We attempt to answer the research questions raised in
Section 1 by defining in-game measurements, pre-questionnaires, and post-questionnaires. Our goal was to find out how the onboarding experience provided by
Assisted compares to that of
Manual with respect to user performance and preferences.
Materials:Before the study, we asked users to complete a demographic questionnaire about their age, gender, experience with games/puzzles, and VR. During the study, two types of measurements (objective and subjective) were collected. As objective measures, we recorded the duration of each level (onboarding, challenge, and control levels). In addition, we counted the number of times users invoked the reset button (which returns the game to its initial state to try a new solution). As subjective measures, we asked users to complete the System Usability Scale (SUS) questionnaire, a 10-item questionnaire measuring the learnability and usability of the application, the Igroup Presence Questionnaire (IPQ), a 14-item questionnaire measuring sense of presence throughout the experience, and the NASA TLX questionnaire, a 7-item questionnaire measuring task load. Furthermore, after the entire experience, we asked participants to complete a questionnaire about their personal preferences and any recommendations for further improvements.
Setup: Since the current version of the toolkit is developed for the SteamVR plugin in the Unity game engine, we designed a VR experience in Unity 2022.1. In this game engine, we had the option to choose between different rendering pipelines: Standard, Universal, and HD. To make the project compatible with a broader range of devices, we chose the universal rendering pipeline. The VR experience was played on a PC with 32 GB RAM, AMD 5800X CPU and NVIDIA RTX 3080 Ti GPU, running Microsoft Windows 11. We used Oculus Quest 2 as HMD, since it provides good resolution per eye ( pixels), hand tracking, and wireless and wired connectivity. To improve the user experience, we connected the Oculus device to the PC using AirLink over WiFi 6. In this way, we avoided having users deal with cables.

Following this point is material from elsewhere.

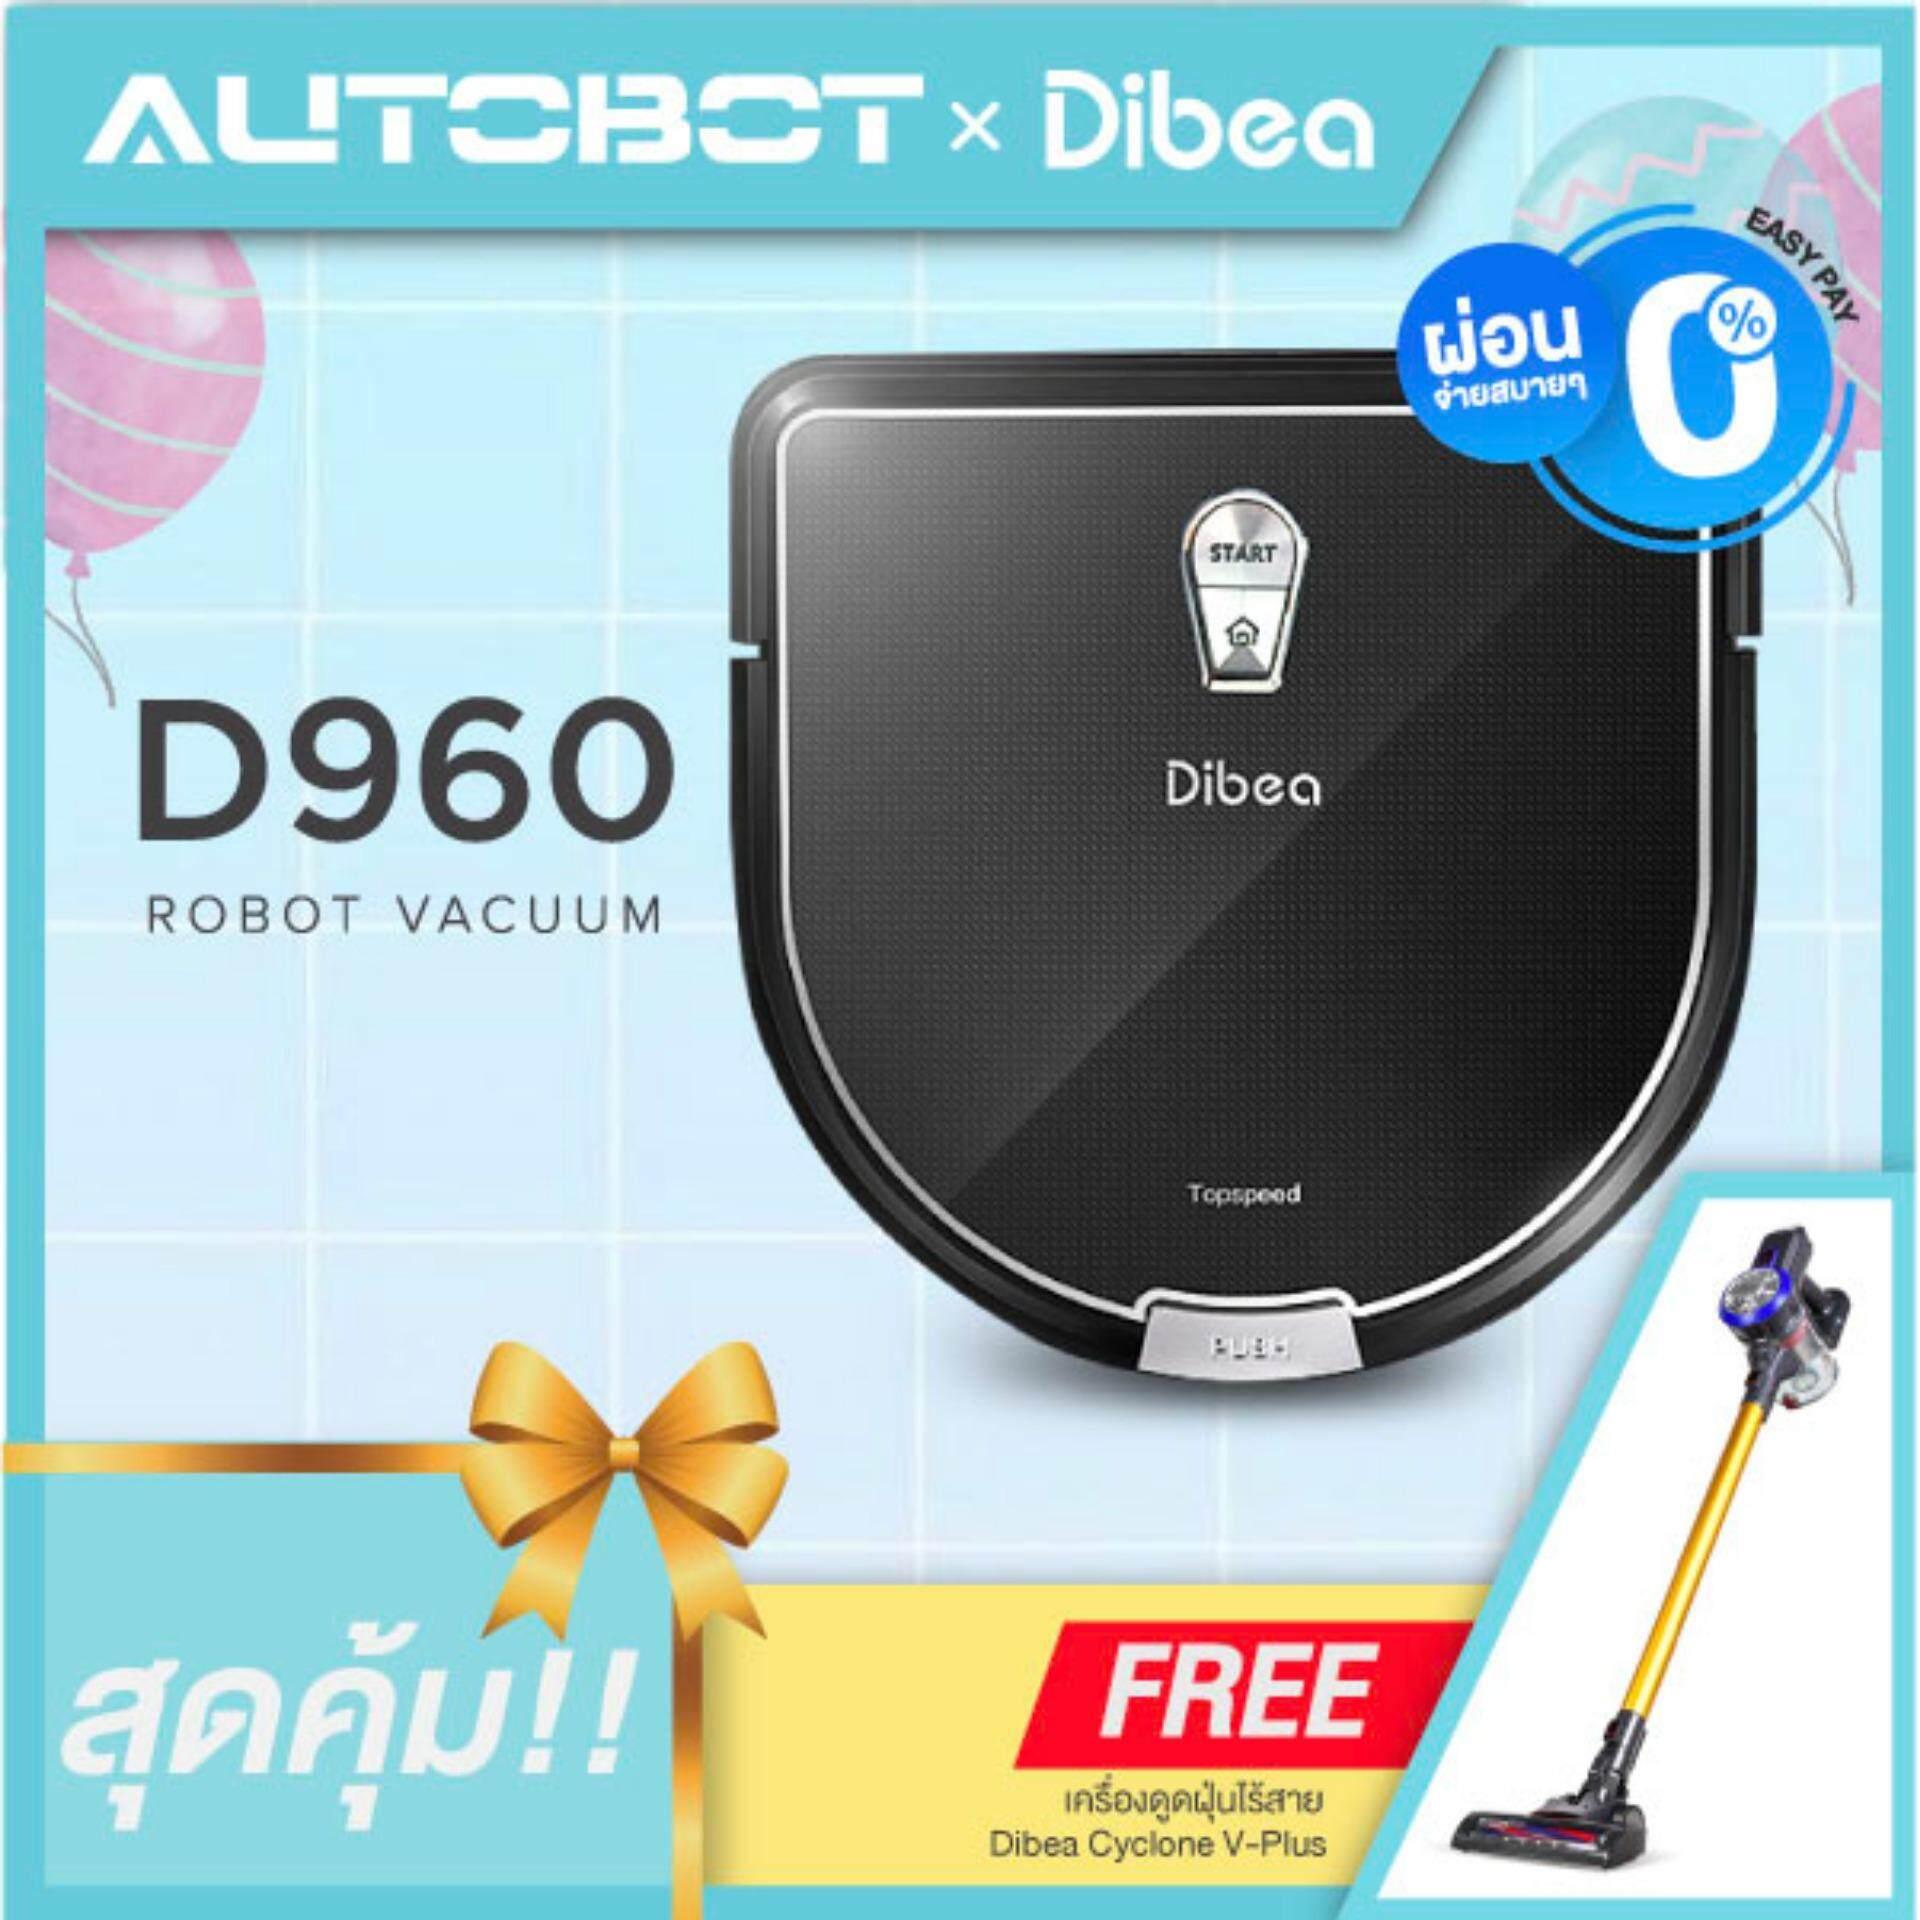 ข้อมูลรีวิว [ ผ่อน 0% ] Dibea หุ่นยนต์ดูดฝุ่น HYBRID robot ทรง D shape เสริมกระจกเทมเปอร์กลาส รุ่น D960 [[ FREE เครื่องดูดฝุ่นไร้สาย รุ่น V plus D18 มูลค่า 5900 ]] รุ่นไหนดี

Participants: We conducted this study with a group of 30 participants (4 female, 26 male) in two locations, the university campus and an office outside the university campus. To make a comparison between subjects, participants were randomly assigned to two distinct groups. The age of the participants ranged from 23 to 65 years, with an average age of 30.5 years. Most of the participants (29/30) had a college degree or were studying at a university. Most of them (22/30) worked/studied in the field of computer science. Approximately half of the participants (16/30) had corrected vision (glasses), and one participant reported color blindness. In the demographic questionnaire, we asked users to tell us about their prior experience in games/puzzles and VR.
Procedure: At the beginning of the study, the user was asked to complete a demographic questionnaire. After completing this preliminary questionnaire, a dialog screen appeared asking the participant to put on the VR headset. Since we measured the duration of each level, this step helps us to ensure that users had enough time to put on the headset and be ready to use the VR application. At this stage, the general introduction level was loaded. The instructions in this level help the user learn the interactions of grabbing, throwing and pressing buttons (all interactions required for the gameplay). After successful level completion, the onboarding level was loaded. The users were divided into two groups and randomly assigned to one of the two variants of the onboarding level (
Assisted condition and
Manual condition). The game is a physics puzzle (similar to Dominoes) where the user is supposed to place objects in the appropriate slots. The tutorial helps participants by showing them the current object, the type of interaction, and the position of the slot. Since
Assisted and
Manual were designed by different developers, the visual representation of the hints and the elements of the tutorial noticeably varied; see
Figure 3. In
Assisted , there is a panel on the wall that displays the current task with text. This text can be helpful if the user is confused and cannot find the next object position. In
Manual , the wall panel shows a simplified game goal (shows the initial state and the final state), see
Figure 4. The onboarding level ends when the puzzle is solved, and the user immediately enters the challenge level. The challenge level is a puzzle game that has elements similar to the onboarding level that helps users focus on the gameplay rather than examining the elements and interactions. However, we increased the difficulty of the dominoes game at the challenge level and made it more challenging (using a folding path with two platforms and more obstacles). The final goal in the challenge level is to release a blue balloon in the room that stands out in color from the rest of the scene to avoid any ambiguity. If participants were able to solve the puzzle in less than 15 minutes, the duration of the puzzle solution was recorded, and they were considered successful.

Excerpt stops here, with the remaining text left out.